Справедливости ради надо сказать — столь масштабных дней памяти Астафьева, кажется, еще не было. Массово и организованно вспоминали три дня, с 28 по 30 апреля. Через мероприятия прошли сотни людей, зрители плавно перетекали в соучастников. Главное место действия раскинулось на весь второй этаж комплекса Mix-Max.
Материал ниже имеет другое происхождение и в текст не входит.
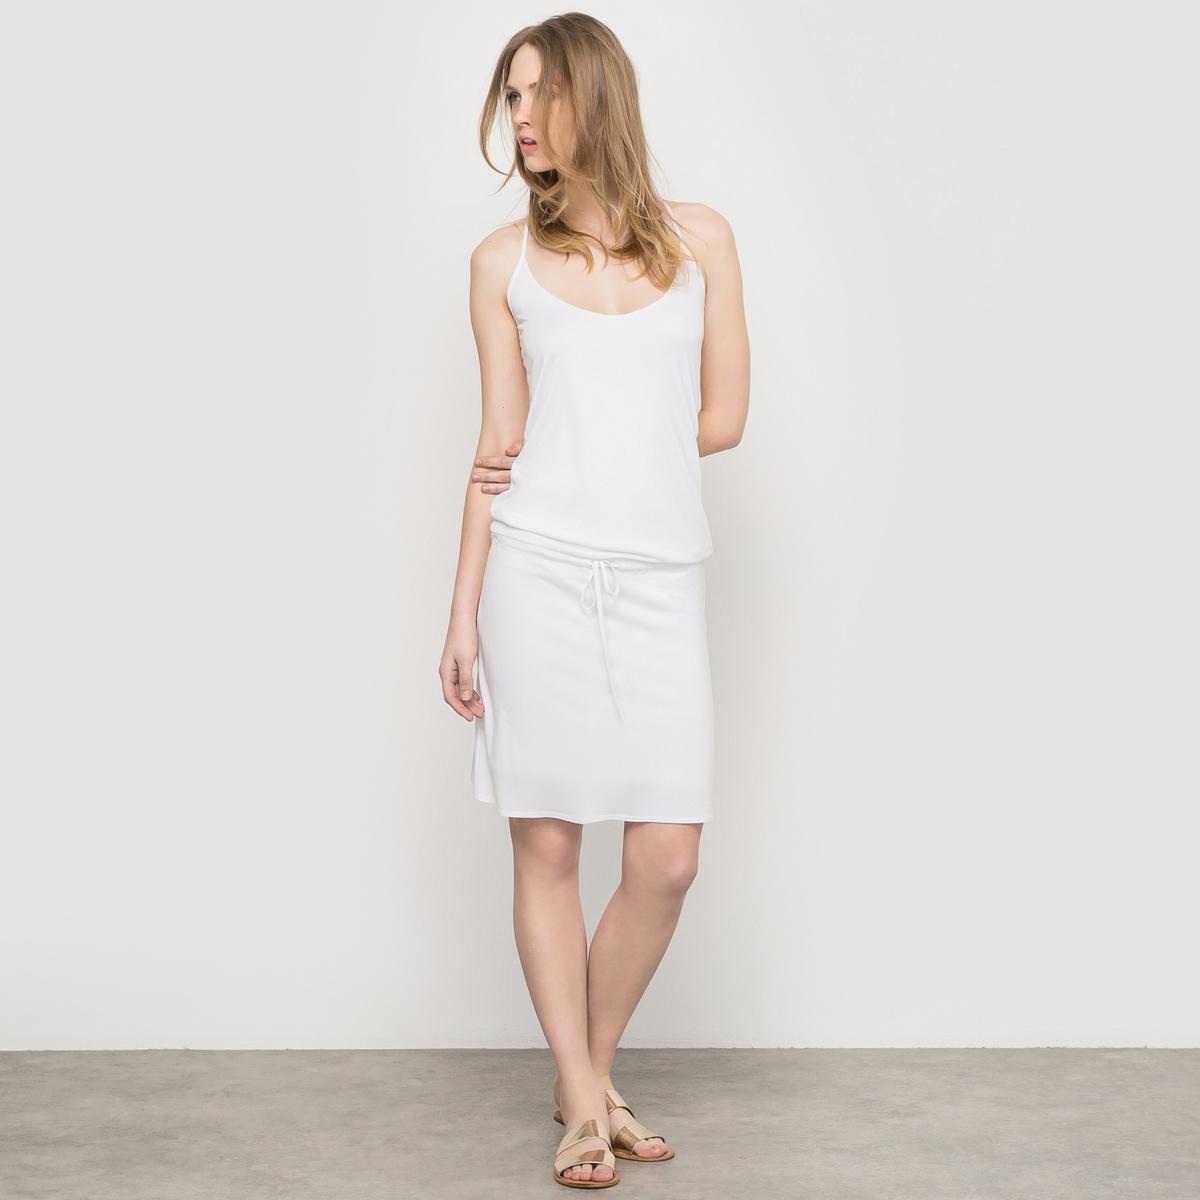 Платье из струящейся ткани - RessentielСостав и описание:Материал: 100% вискозы.Марка: Ressentiel<br><br>Цвет: белый<br>Размер: 50/52 (FR) - 56/58 (RUS)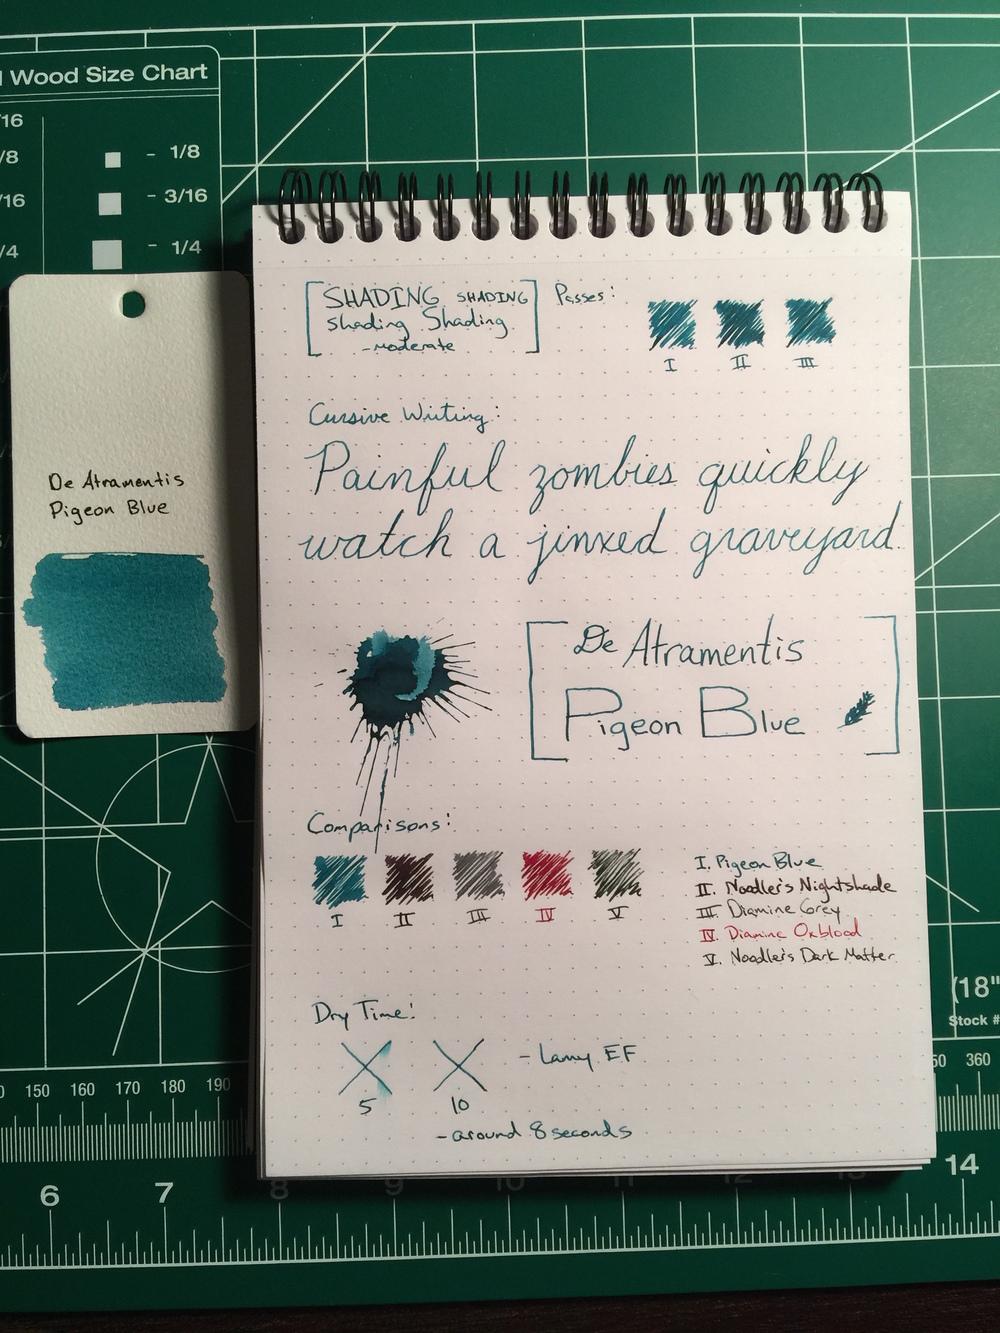 de atramentis document ink blue

Что само по себе было несколько забавно. Так, критик Валентин Курбатов, гость дней и близкий друг Виктора Петровича, контексту дивился и немного грустил: «Какие-то ярмарки, какие-то продажи стальных дверей, ну, сколько можно уже всей страной торговать?» Ну, то есть в самом сердце общества потребления и зарабатывания — презентация Астафьева. Здравствуйте. Можно видеть в том знак непреходящей актуальности. Курбатов же был скорее смущен. Но это не тот случай, когда торговцев изгоняют из храма — хотя бы потому, что торговля здесь находится у себя дома, а дни Астафьева — в гостях. Также критика смущали привычные времени «интерактивные презентации», «подиум-дискуссии», «игры-квесты» и прочее, из чего состояла программа дней. Астафьев так, конечно, не выражался. Ну, да кто знает — может, интерактивные интерфейсы, наоборот, порадовали бы классика? Нам про то, конечно, не спросить…
Супротив энтропии
Если от новомодности форматов перейти к содержанию, оно не так уж отлично от привычного. Ядро мероприятий выросло из астафьевских чтений, а те, в свою очередь, наследуют «литературным встречам в русской провинции», бывшим еще при жизни Астафьева. К писателю приезжают писатели его круга и говорят о том, что считают важным. Им виднее, о чем. Административная задача организаторов сводится к: 1) привезти, 2) поселить, 3) накормить. Дальше сами участники сядут за стол и разберутся. Монологи и диалоги крутились вокруг тем: Астафьев, литература, общество, Астафьев и литература, Астафьев и общество, Астафьев и я. Приехавшие имеют право на монолог «Астафьев и я» — как правило, гости не просто критики-писатели-режиссеры, но друзья Астафьева по жизни, иная такая дружба тянулась десятилетия.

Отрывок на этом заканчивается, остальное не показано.